Infrastructure

More Big, Inevitable Infrastructure Build-Out Winners (UBS, CBI, MDR, KBR, FWLT, FLR, ACM, TPC)

It has been estimated that $2.75 trillion will need to be invested in America’s aging infrastructure by 2020 to get our crumbling roads, bridges, highways, water systems and power grids back up to par. We have already offered up our own list of 11 companies that will win from the infrastructure rebuild. Now we have found a new list of infrastructure winners, and the overlap is minimal.

Many politicians in Washington, D.C., have howled over the lack of infrastructure spending, despite almost $1 trillion in stimulus being thrown at the economy since the Great Recession started in 2008. Did the president finally hint in last week’s State of the Union speech that long-awaited funding may be headed to infrastructure repair soon? Despite political posturing, both parties concede that infrastructure spending is a necessity. The engineering and construction analysts at UBS A.G. (NYSE: UBS) dissected the recent State of the Union speech and came up with some clear positives.

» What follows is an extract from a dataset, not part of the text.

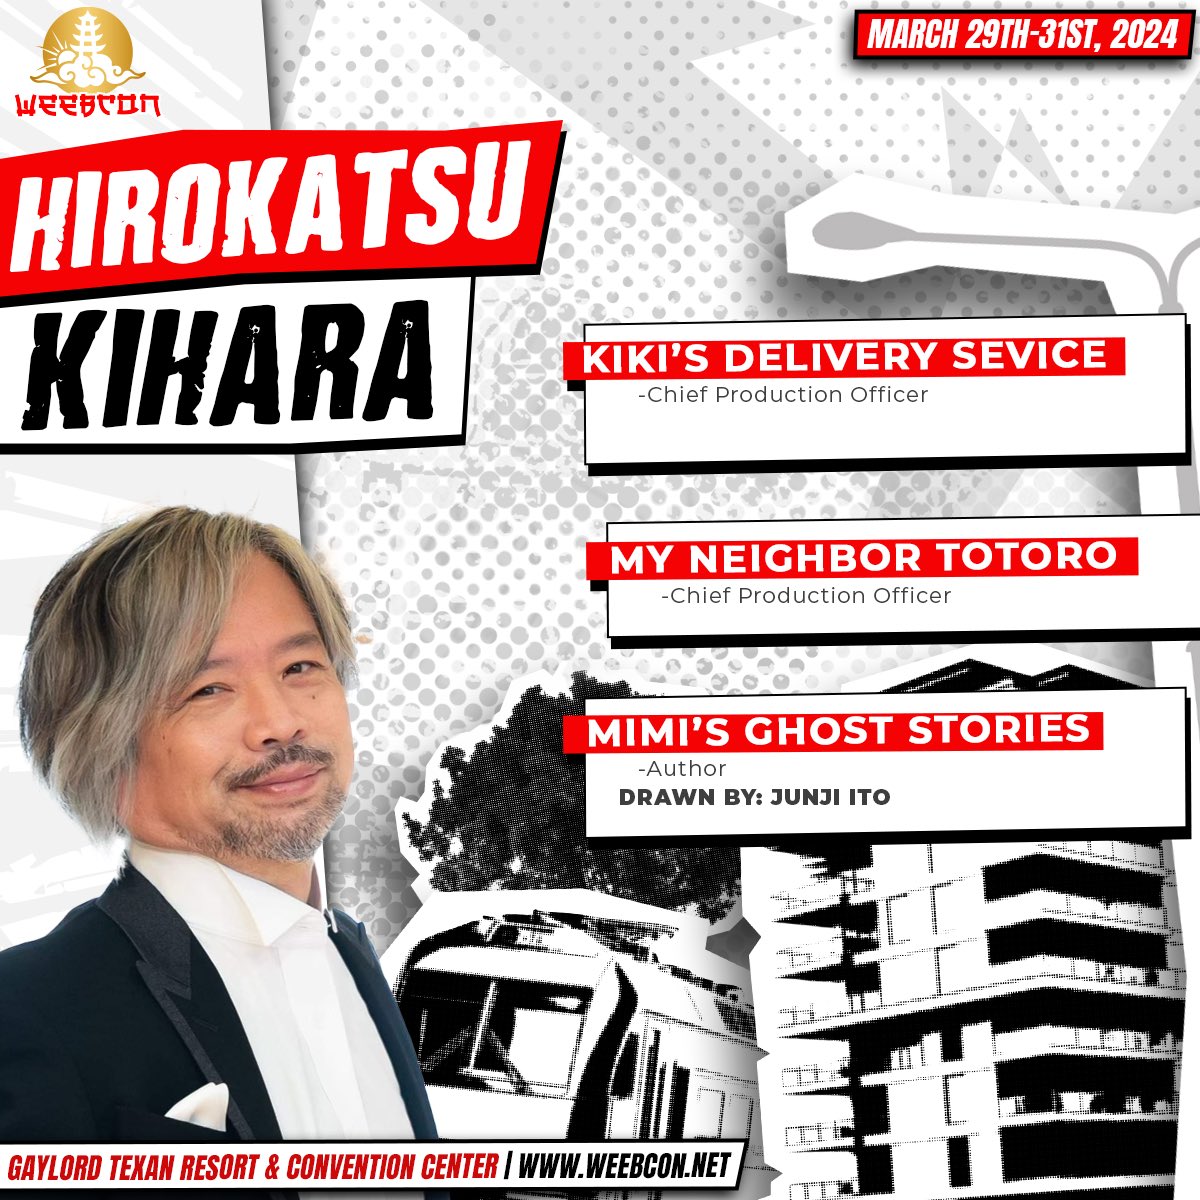 ⛅️JAPANESE CELEBRITY GUEST⛅️ WeebCon is honored to welcome back the prestigious Hirokatsu Kihara! We have some cool panels planned to honor the 35th anniversary of Kiki’s Delivery Service, so don’t miss out! See you at WeebCon ⛅️

Among those positives: speeding up oil and gas permits, a “fix-it-first” infrastructure plan focusing on roads and bridges, and discussion of public/private infrastructure partnerships. They also spotted some negatives, which include the potential for executive orders to regulate carbon emissions at existing power plants, a headwind for coal/emissions spending, but a positive for carbon capture companies.

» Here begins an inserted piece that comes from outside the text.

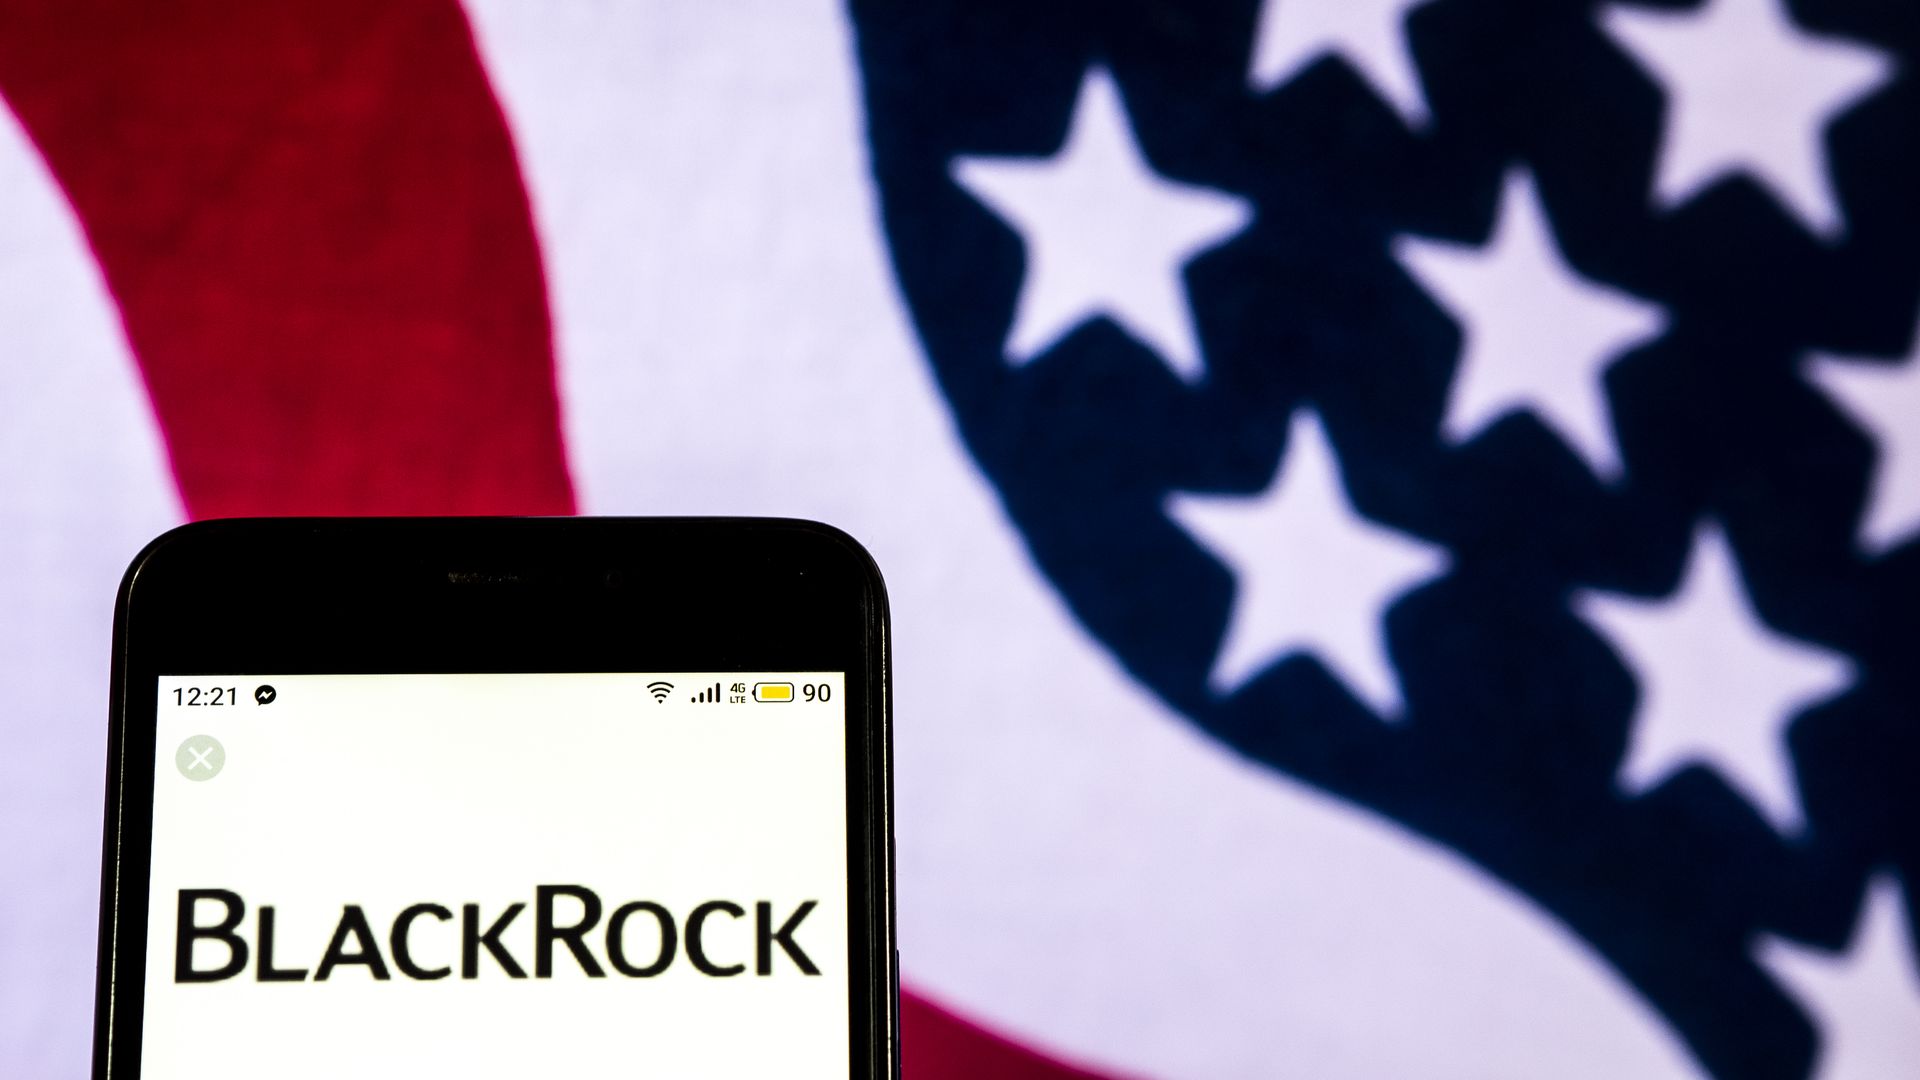 lackRock Investment management company logo seen displayed on a smart phone.

The team at UBS also pointed out that, while the engineering and construction sector has outperformed the market over past one, three and six month periods, they think relatively flattish backlogs in the first half of 2013 could moderate the outperformance in the near term. However, they expect backlogs to grow and drive better stock performance in the latter half of the year. That is a theme many bulge bracket Wall St. firms have echoed.

Here is a list of the UBS stocks in the engineering and construction sector they have ranked as a Buy:

Chicago Bridge & Iron Co. N.V. (NYSE: CBI) provides conceptual design, technology, engineering, procurement, fabrication, construction and commissioning services to energy and natural resource industries worldwide.

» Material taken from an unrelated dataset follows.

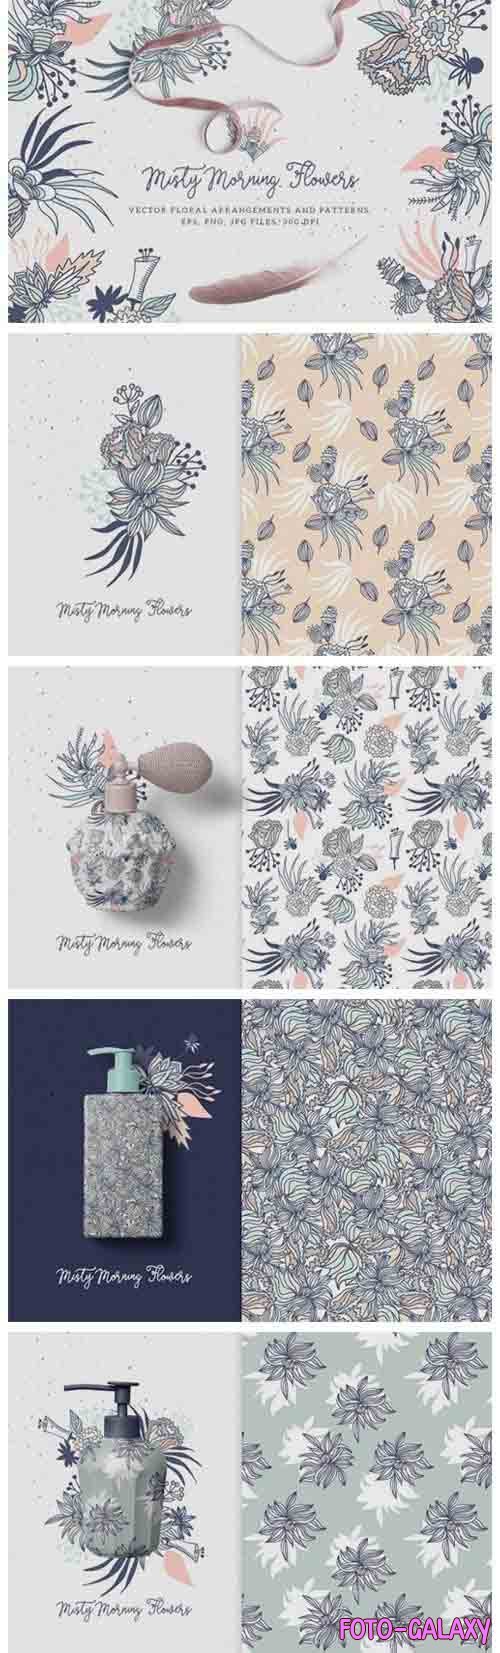 Misty Morning Flowers - Floral Clipart - 2181054

McDermott International Inc. (NYSE: MDR) operates as an engineering, procurement, construction and installation (EPCI) company worldwide. It focuses on designing and executing complex offshore oil and gas projects.

KBR Inc. (NYSE: KBR) is a global engineering, construction and services company. It has three individual segments that focus on oil and gas, government construction and power-generation facilities.

Foster Wheeler A.G. (NASDAQ: FWLT), through its subsidiaries, operates as an engineering and construction contractor and power generating equipment supplier worldwide. Based in Geneva, Foster Wheeler has both U.S. and international business to strengthen earnings.

Fluor Corp. (NYSE: FLR) is based in Dallas and, through its subsidiaries, provides engineering, procurement, construction, maintenance and project management services worldwide. Like KBR, Fluor has multiple segments that focus on oil and gas, industry and infrastructure, government construction and global services.

AECOM Technology Corp. (NYSE: ACM) provides professional technical and management support services for commercial and government clients worldwide. We recently highlighted this fast-growing company after Bank of America (NYSE: BAC) gave it a massive upgrade.

Tutor Perini Corp. (NYSE: TPC) provides diversified general contracting, construction management and design-build services to private clients and public agencies worldwide. The company operates in four segments: Civil, Building, Specialty Contractors and Management Services.

One interesting common thread in some of these companies is that they are extremely diversified, with multiple segments to cover a wide range of sectors and services. Again, as we pointed out previously, the total lack of spending on our domestic infrastructure has brought us to almost crisis levels. This leaves a massive opportunity for U.S. and North American infrastructure firms for capital investments in airports, seaports and waterways, road and rail, and electricity. The crisis level need may indicate that funding happens sooner rather than later.